Your response should consist of the entire listing, transcribed exactly, with every image left out.
*** Recorded data Section Begins ***
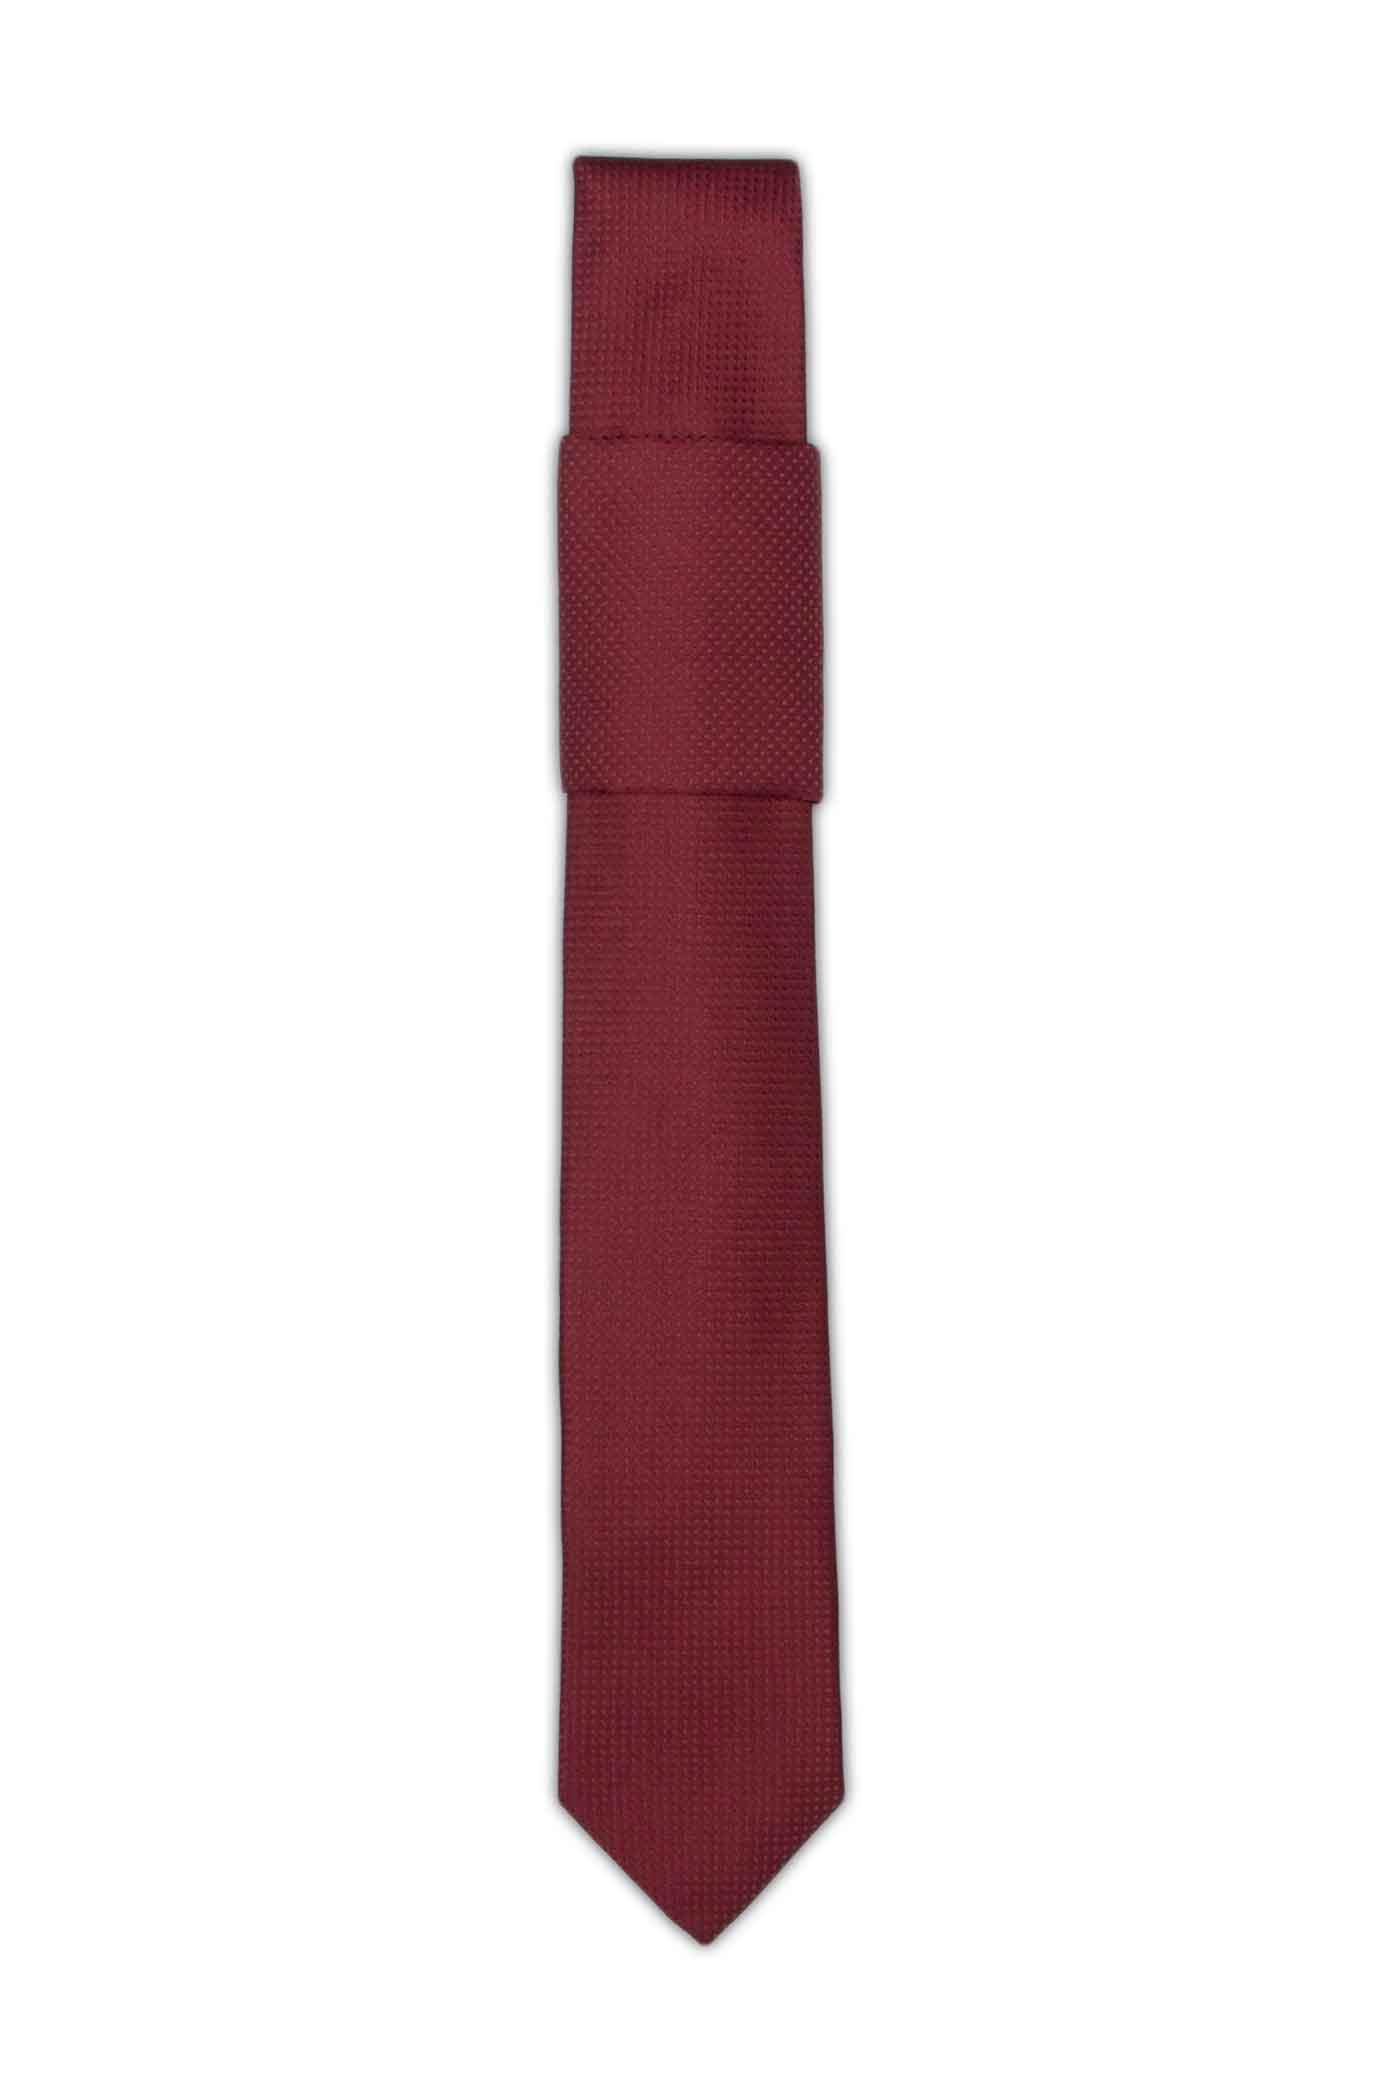 کراوات پوشت دار 200014
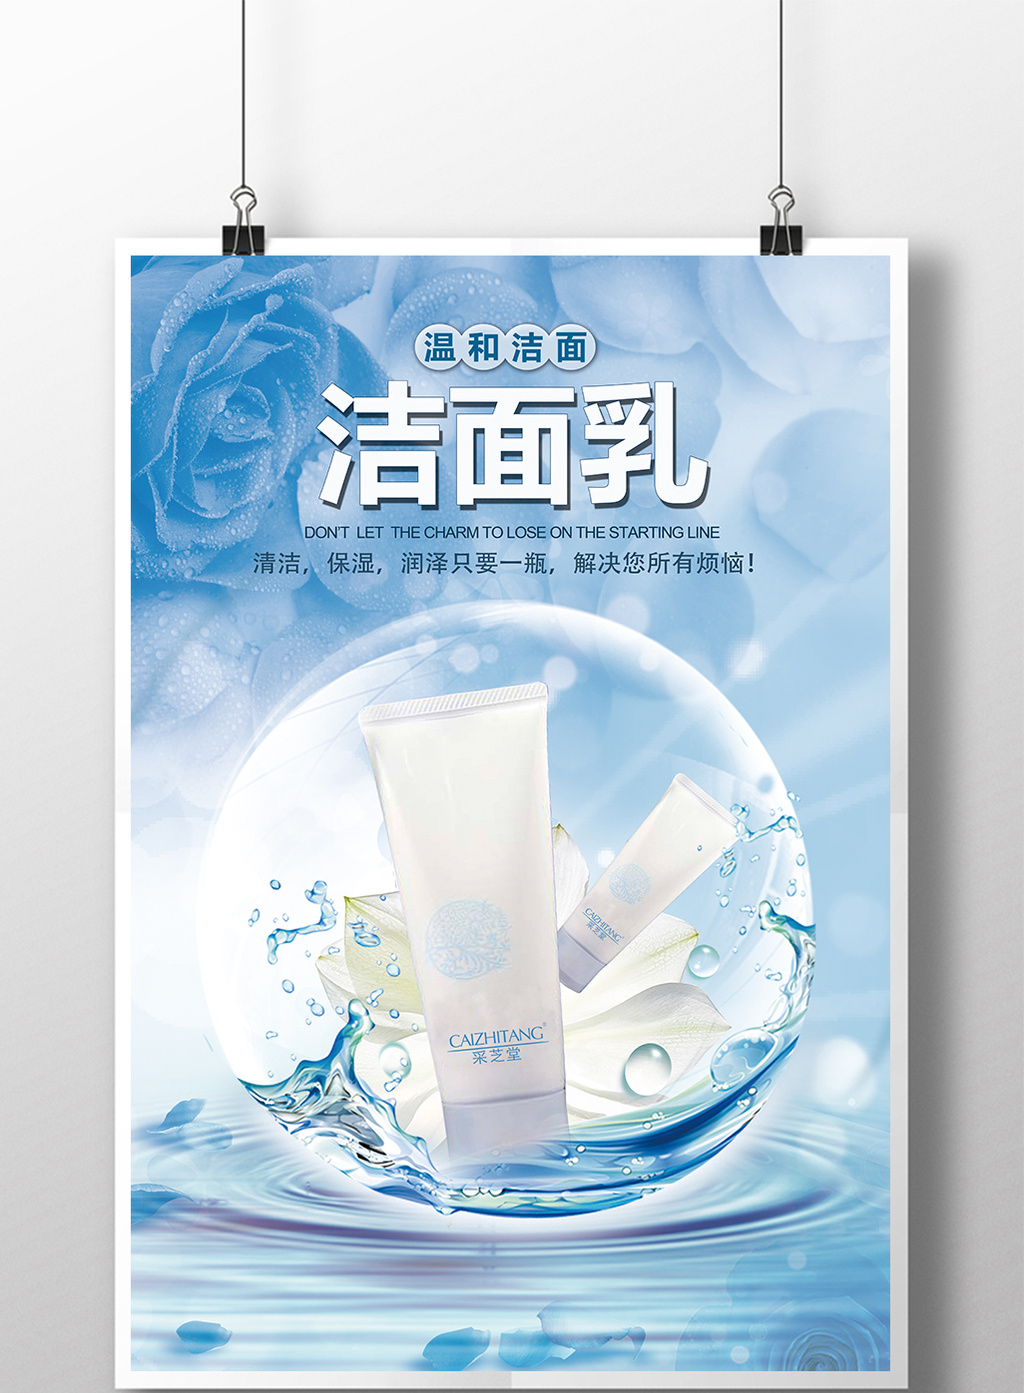 包图网提供精美好看的洁面乳创意海报(洗面奶)素材免费下载,本次作品
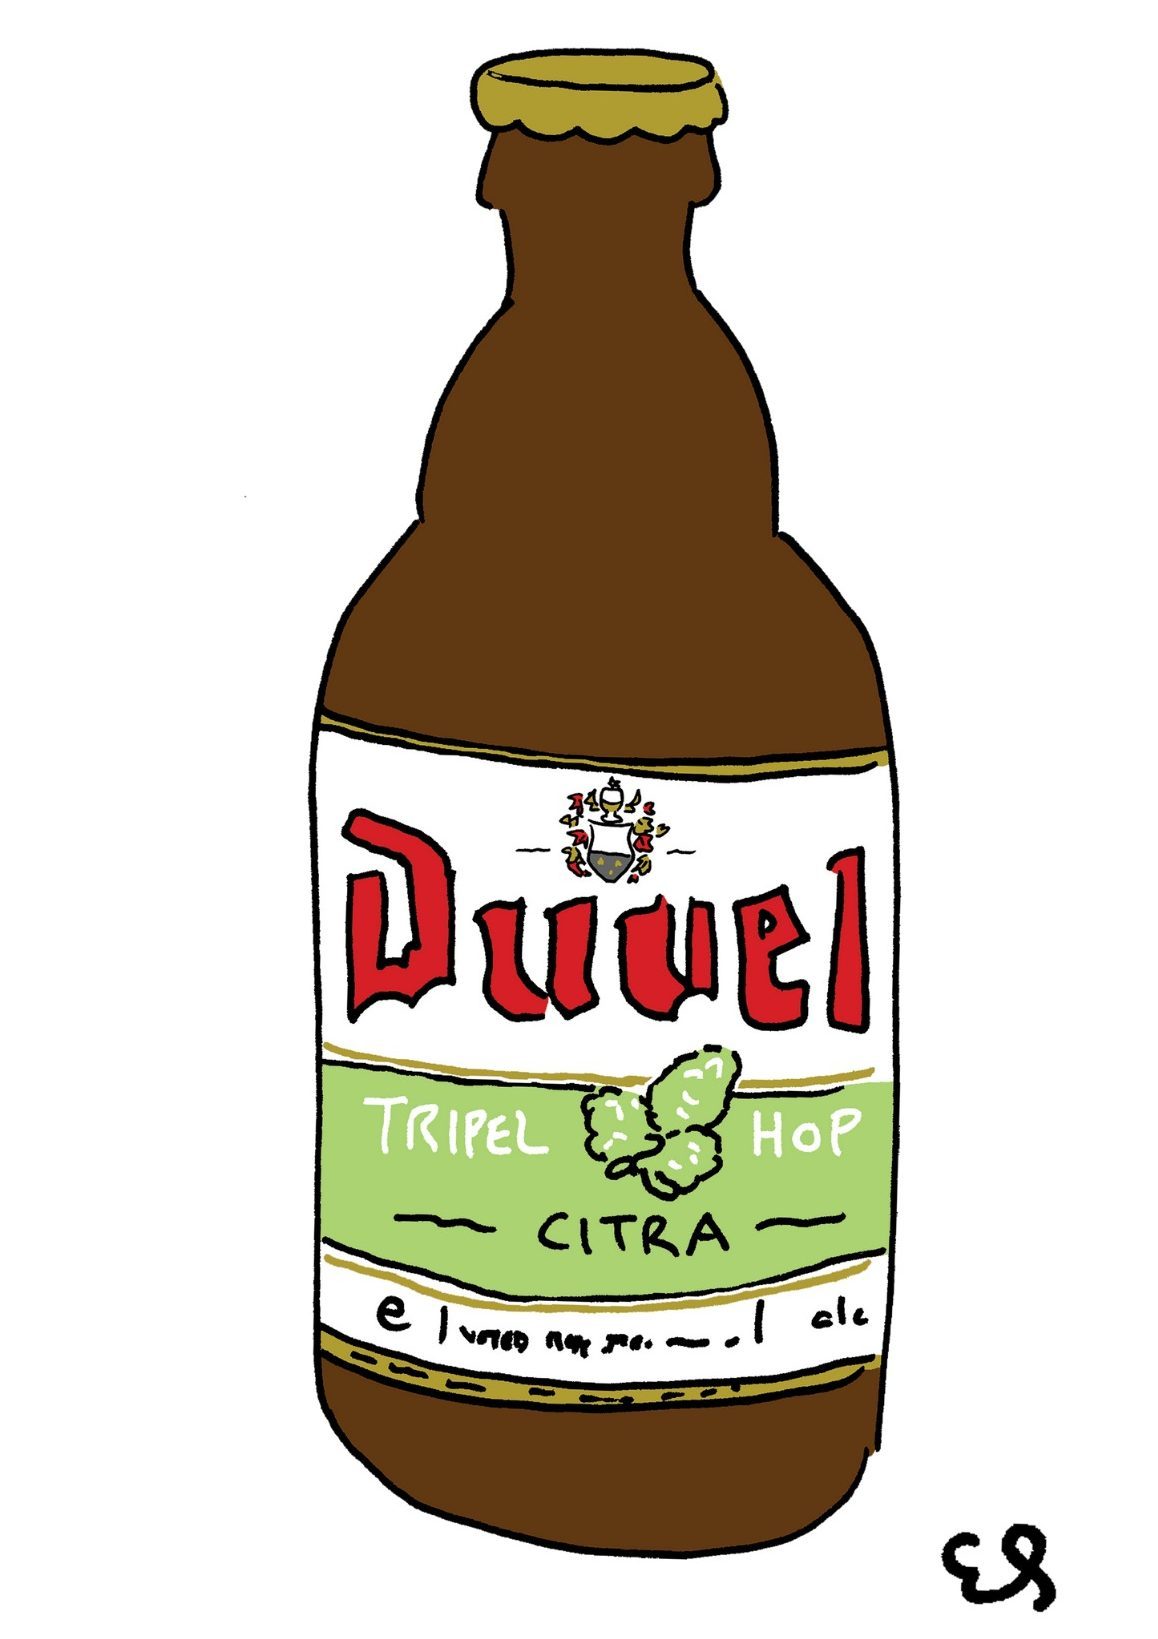 Belgian Beer Duvel Tripel Hop
*** Recorded data Section Ends ***
Answer for the task:
 کراوات پوشت دار 200014
 包图网提供精美好看的洁面乳创意海报(洗面奶)素材免费下载,本次作品
 Belgian Beer Duvel Tripel Hop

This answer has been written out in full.